So: it’s develop into a factor for me that Ray Nayler, with I consider solely two novels, a novella and a few quick tales to this point, has develop into a must-read creator. Each novels, The Mountain within the Sea and The place the Axe is Buried, have each been in my better of the yr lists once they have been revealed; the novella The Tusks of Extinction was acclaimed and gained the Hugo Award for Quick Story in 2025, a nominee for the Nebula Award of 2024 and a finalist for a Locus award. To my thoughts, Ray is slightly like Ted Chiang for me, the place the creator’s output is comparatively small, however the high quality is often excessive.
Ray’s tales have tackled interspecies communication, octopuses, mammoths, over-fishing within the Asian seas, know-how, AI, political authoritarian dictatorships of the long run and the consequences of soul-crushing censorship, reflecting points in our personal world in addition to that in a fictional one.
With all of that in thoughts, I can say that I wasn’t anticipating this.
Palaces of the Crow begins in Jap Europe in June 1941, We’re informed the plot by way of 4 principal characters.

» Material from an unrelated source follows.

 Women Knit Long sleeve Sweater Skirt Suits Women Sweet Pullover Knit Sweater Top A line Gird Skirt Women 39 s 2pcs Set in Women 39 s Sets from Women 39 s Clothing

First, we meet Neriya, a younger Jewish lady who desires of changing into a scientist who has noticed and befriended quite a few crows outdoors her dwelling, particularly one she has named ‘Buster’, after the movie star Buster Keeton. We then meet Czesław, an underage Polish deserter fleeing the Purple Military by hiding within the woods in Latvia. Thirdly, Kezia is a Roma horse dealer whose household is on the run from Soviet collectivisation however who’re killed, leaving Kezia to outlive alone within the woods; and ultimately a anonymous, deserted boy often named ‘The Boy’, who can’t communicate, probably because of trauma.

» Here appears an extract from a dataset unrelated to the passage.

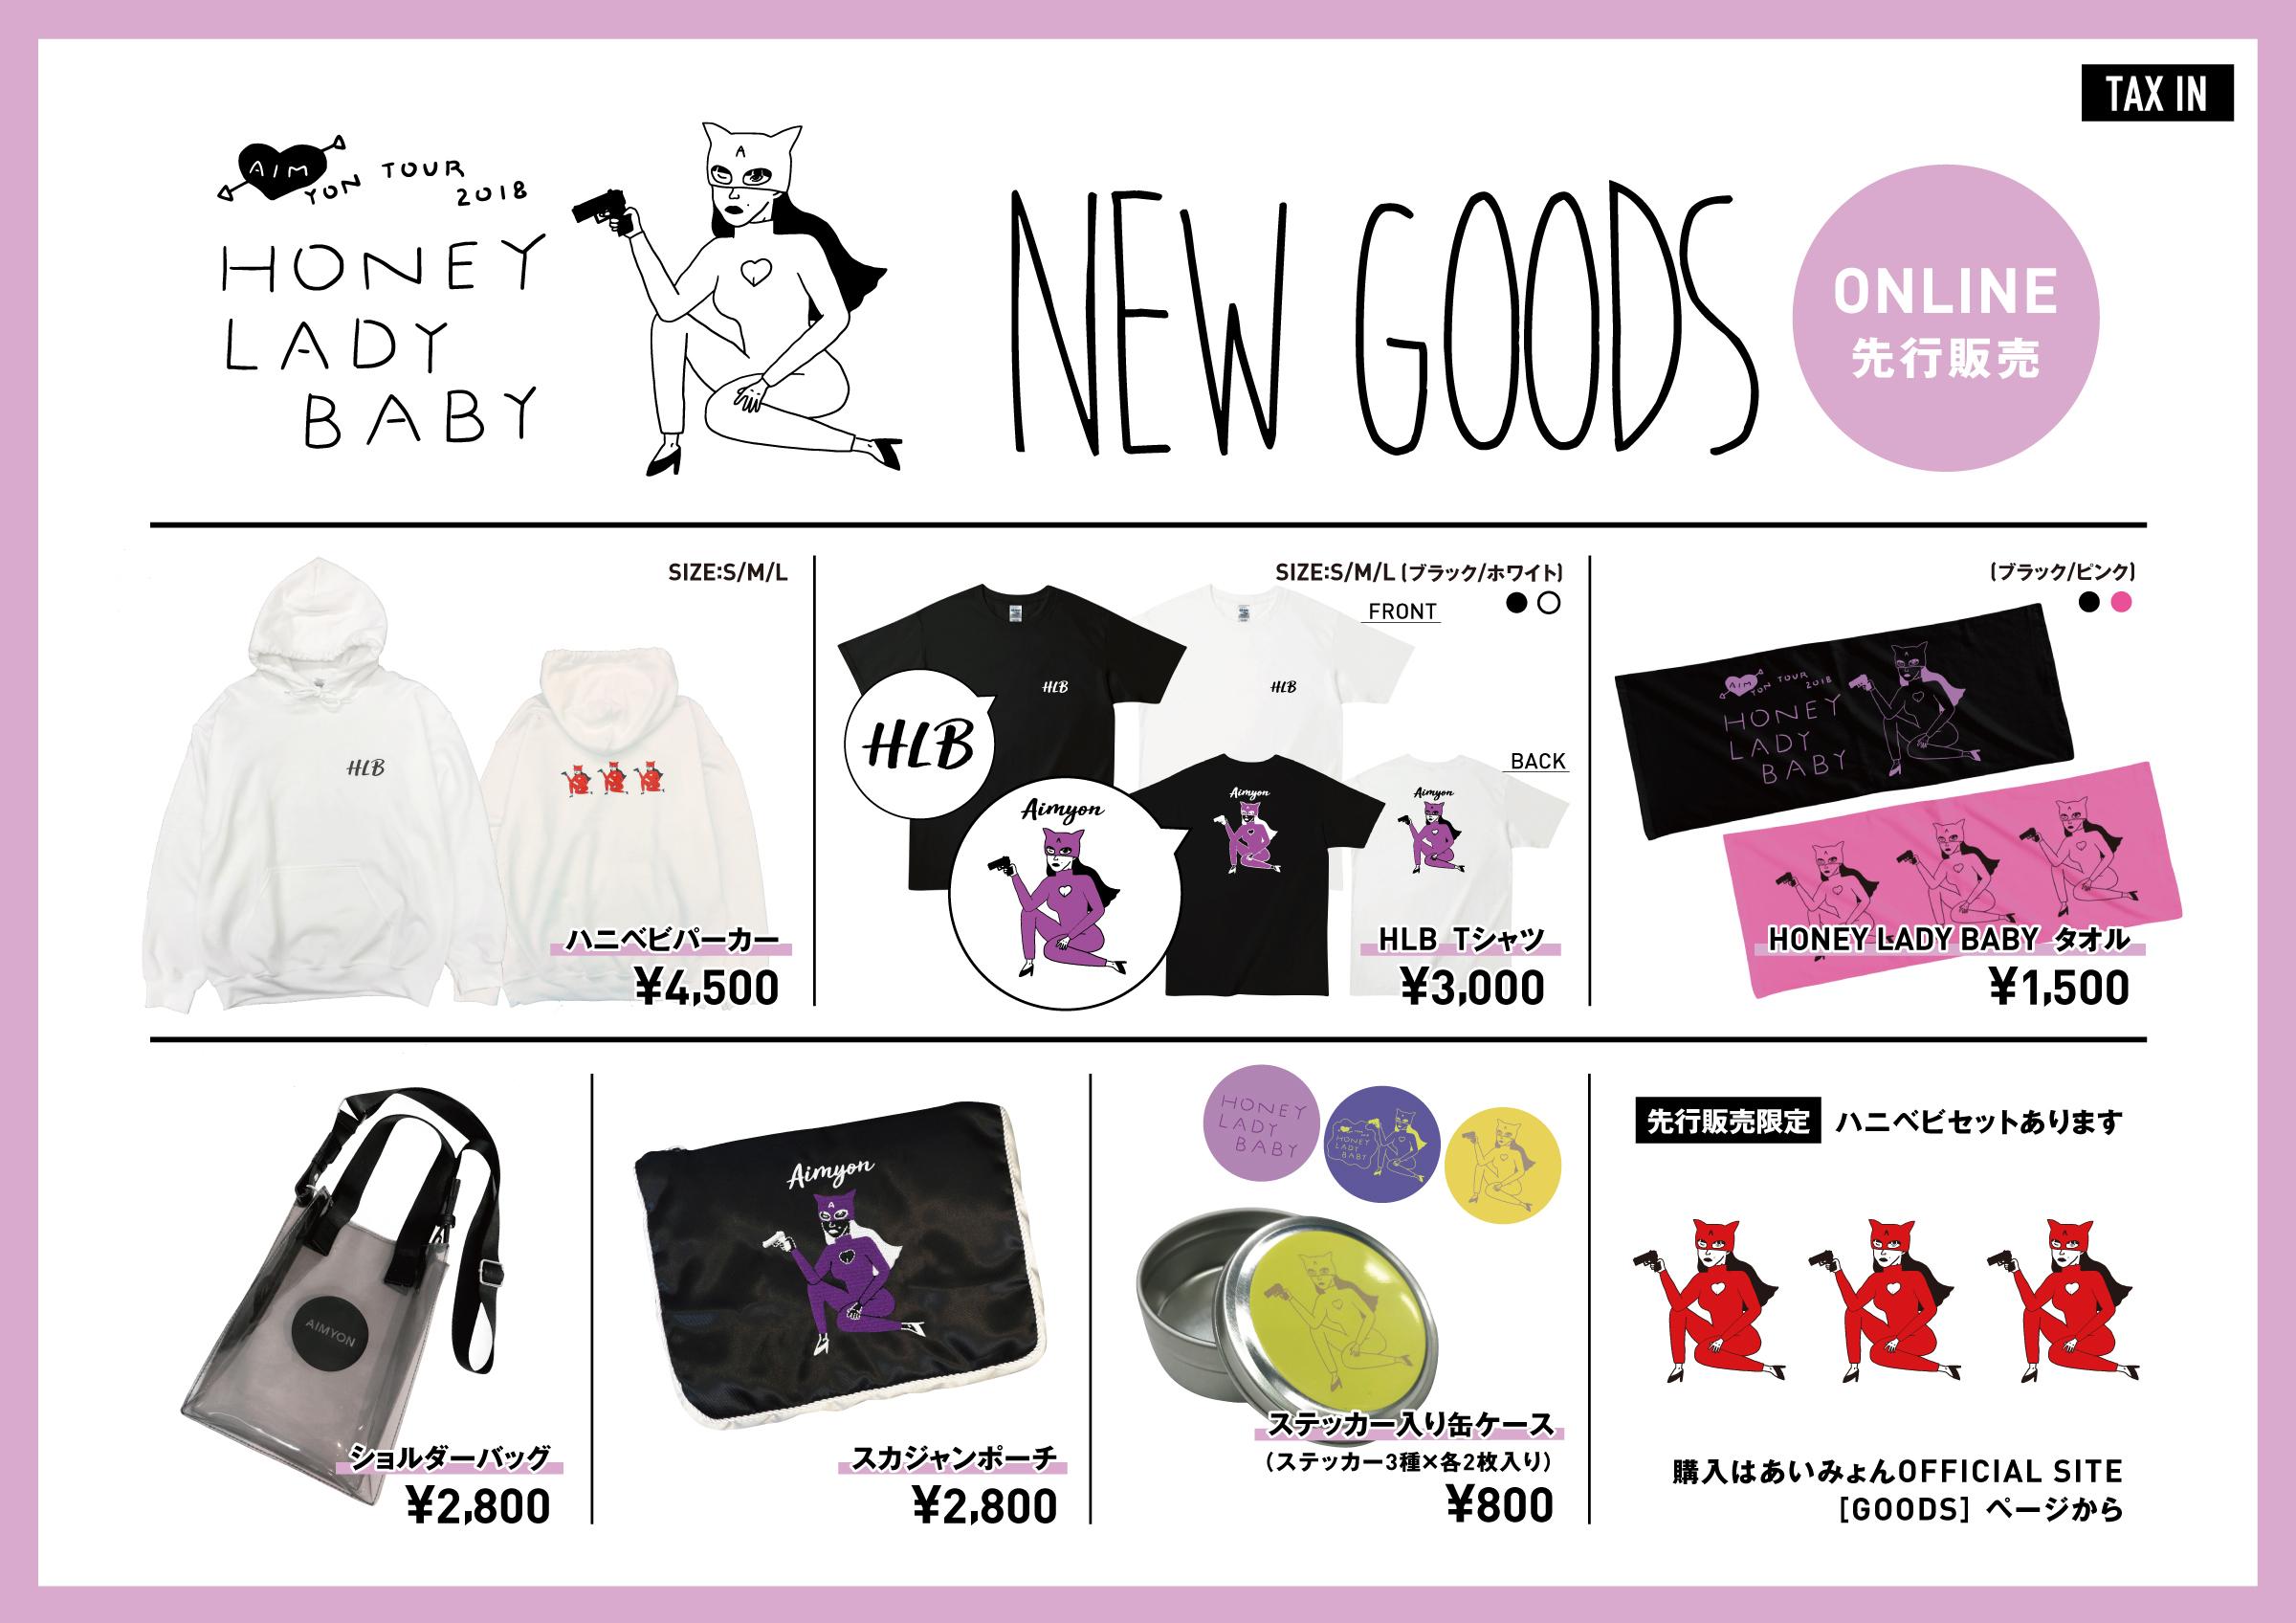 AIMYON TOUR 2018 ,HONEY LADY BABY, オフィシャルグッズonline先行販売のお知らせ|あいみょん OFFICIAL  SITE

Pushed deep into the Lithuanian woods, they type an unbreakable bond with each other and with a flock of crows whose uncanny intelligence hints at a secret older and stranger than they might ever have imagined.
At a primary degree, Palaces of the Crow is a narrative about conflict and the consequences of such occasions on the widespread individuals – not simply the troopers, the combatants, the lads (for it’s often males) in cost who make life-changing selections, however most people, the lads, ladies and youngsters left at dwelling on whom these horrific occasions are impinged upon. Lots of the surprising atrocities talked about listed below are primarily based on real-life occasions, primarily based on Ray’s intensive analysis. Writing in speculative fiction permits us to take a look at such concepts with a level of distance. Right here Ray reveals us that the previous must also be examined, studied and realized from.

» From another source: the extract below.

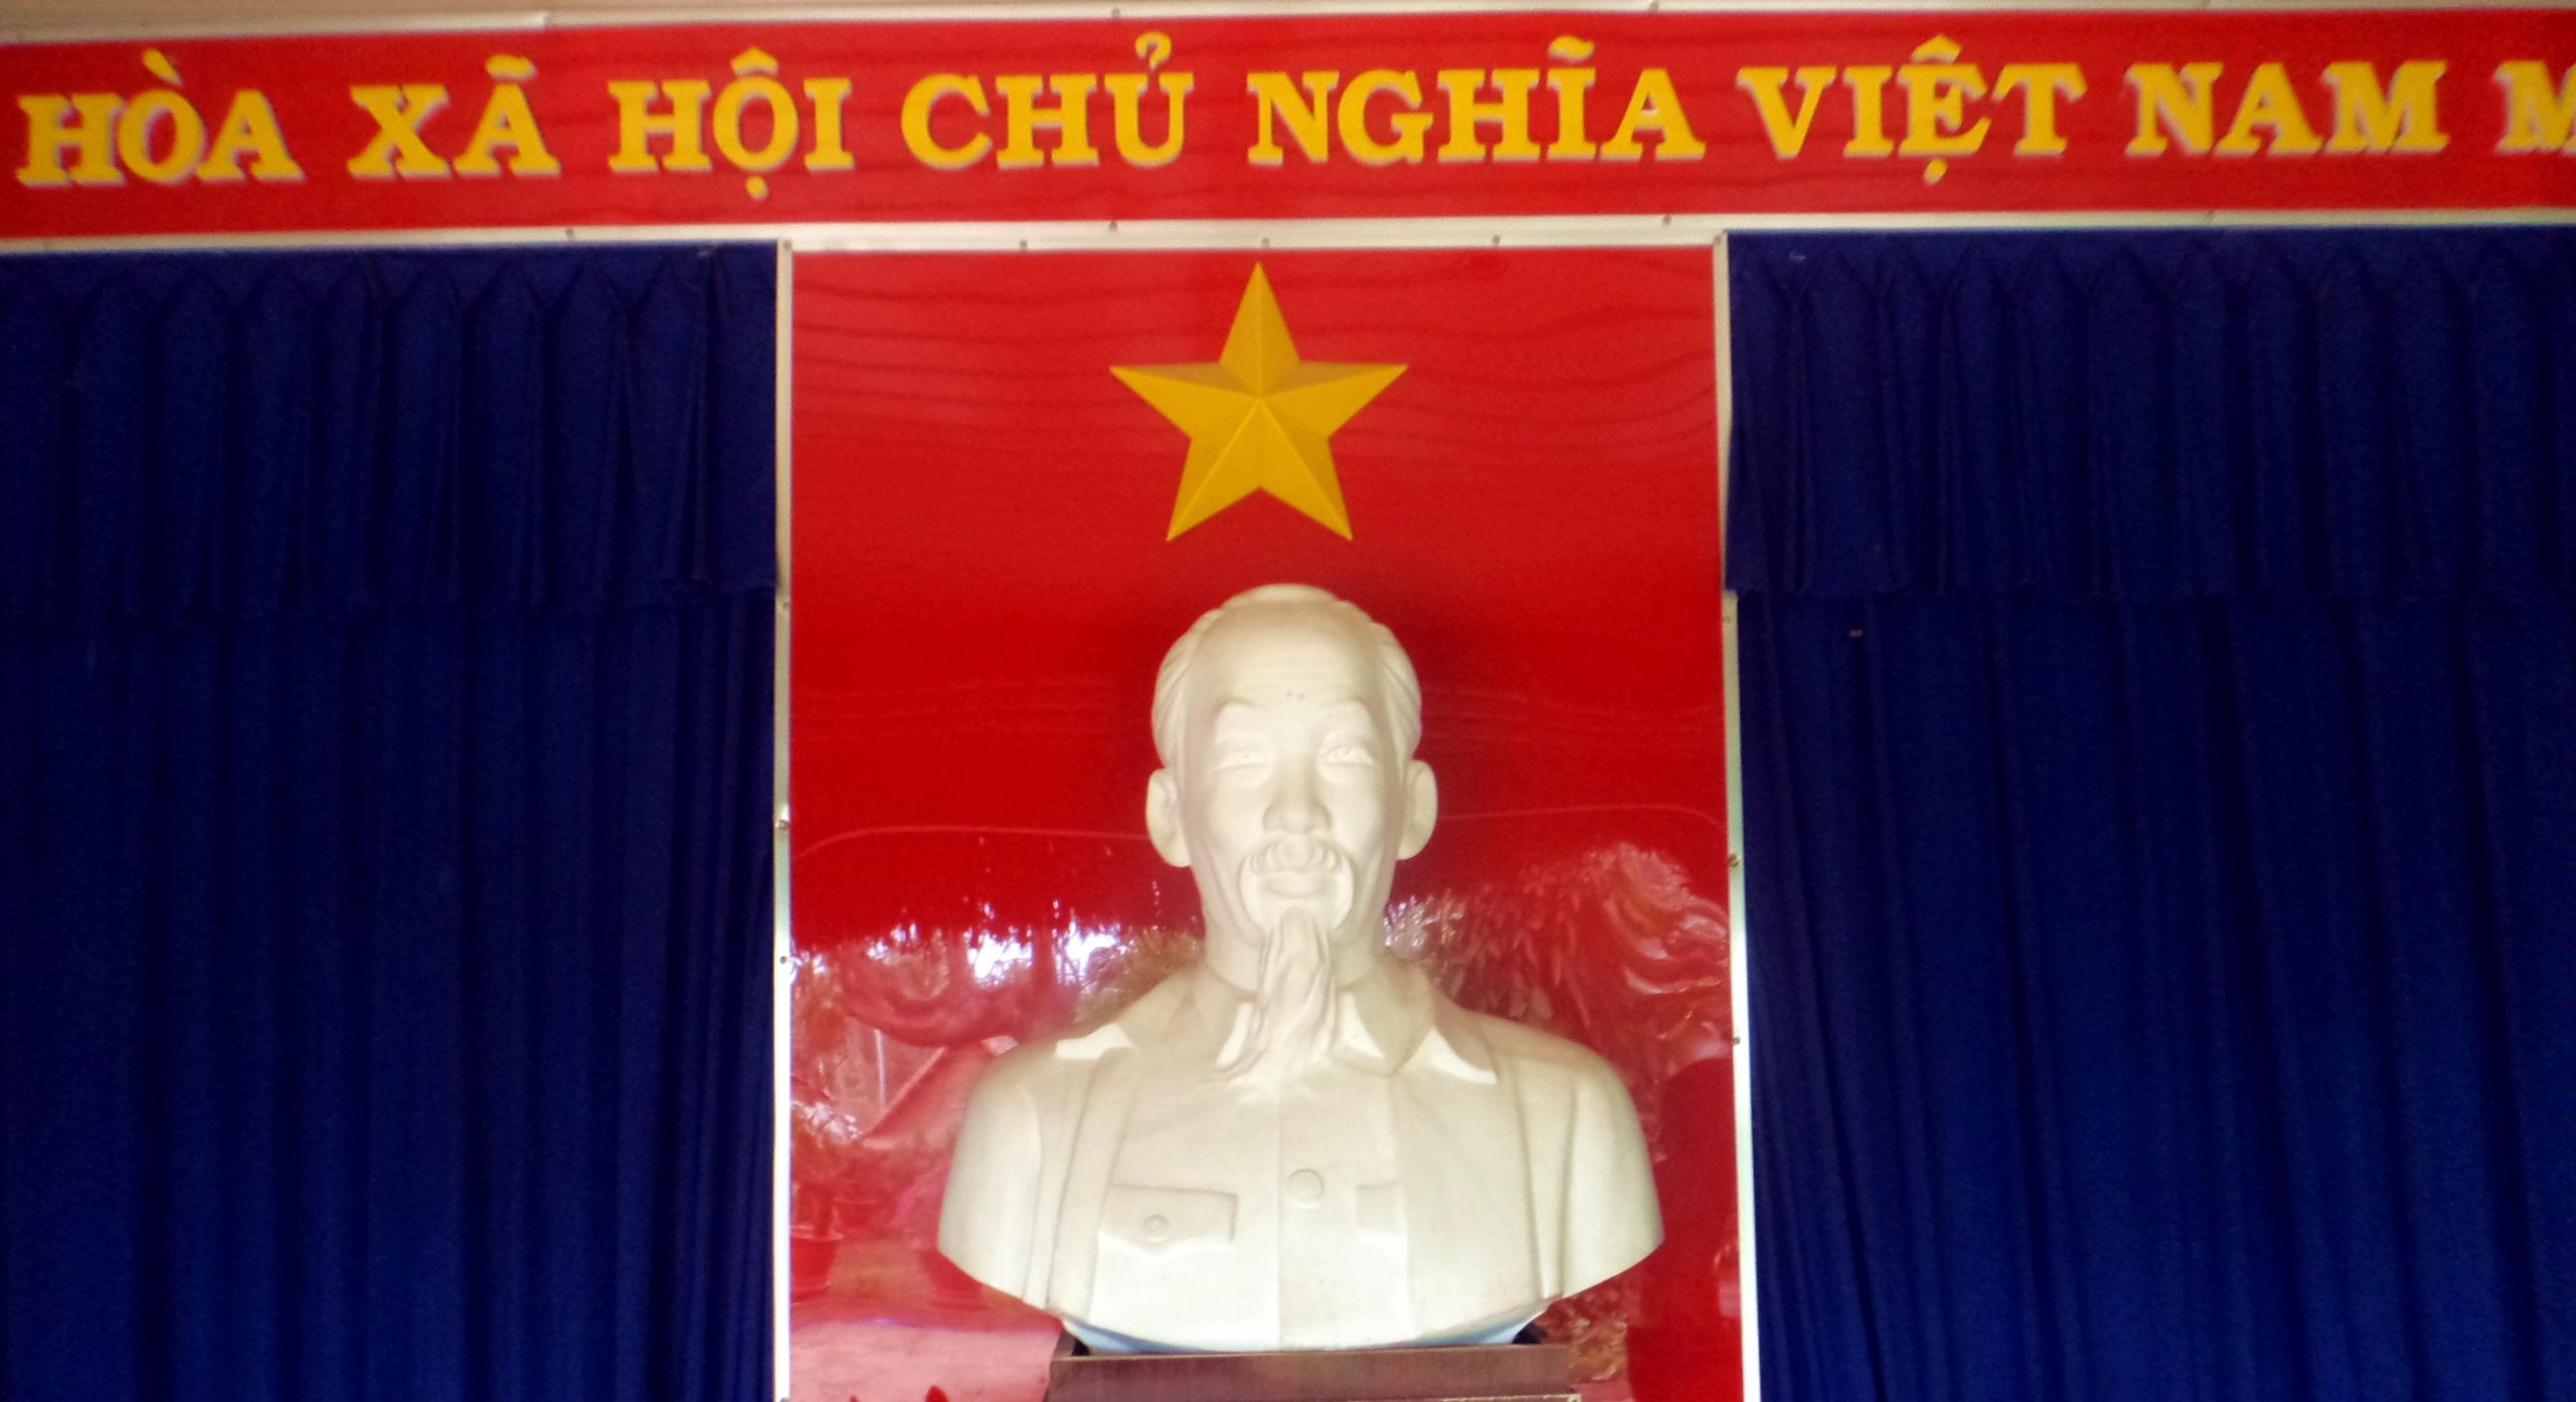 hochiminhcity_vietna_cuchi_1

Sadly, world occasions at the moment, as I sort this, there are miserable similarities between the occasions of 1941 and now, none of which present people in a very good gentle. Then, like now, there may be division, distrust, racial and spiritual bigotry, antisemitism, xenophobia – human traits which are seemingly fixed. Struggle is hell. And but we appear decided to not be taught from the previous, to repeat actions already confirmed to be pointless and futile.
In Palaces of the Crow, against this, there may be morality, there may be intelligence and even majesty – however that is proven most by the crows, not the people, which makes the savage and brutal actions of the people within the novel all of the extra heartbreaking.
“The crows deal with their sick, their aged, their wounded… they educate, they be taught, they stay and die in a world that’s parallel and akin to our world however just isn’t the world we stay in.”
Like Adrian Tchaikovsky’s Youngsters of Time (2015), to not point out Ray’s personal The Mountain within the Sea, as I learn I discovered myself siding with animals slightly than people, regardless that we’re at all times warned to not make such anthropomorphic connections, aren’t we? (Ray himself additionally factors this out in his Acknowledgements.) Our brains strive to do that to make sense of what we all know, and generally 2 + 2 = 5 because of this. While Ray by no means turns into Disney-like and nostalgic, it’s clear that there’s a lot that individuals might be taught from these typically ubiquitous and but pretty unknown birds. I discovered that as The Mountain within the Sea made me go down the rabbit-hole for particulars of octopi after studying, so Palaces of the Crow did for crows.
The ending just isn’t predictable, nor essentially apparent as an ending, for while there may be closure, there’s a diploma of ambiguity. Its open-endedness might not be what some readers need or anticipate. Nonetheless, I consider that it’s acceptable – I did sit and give it some thought for some time after I closed the guide.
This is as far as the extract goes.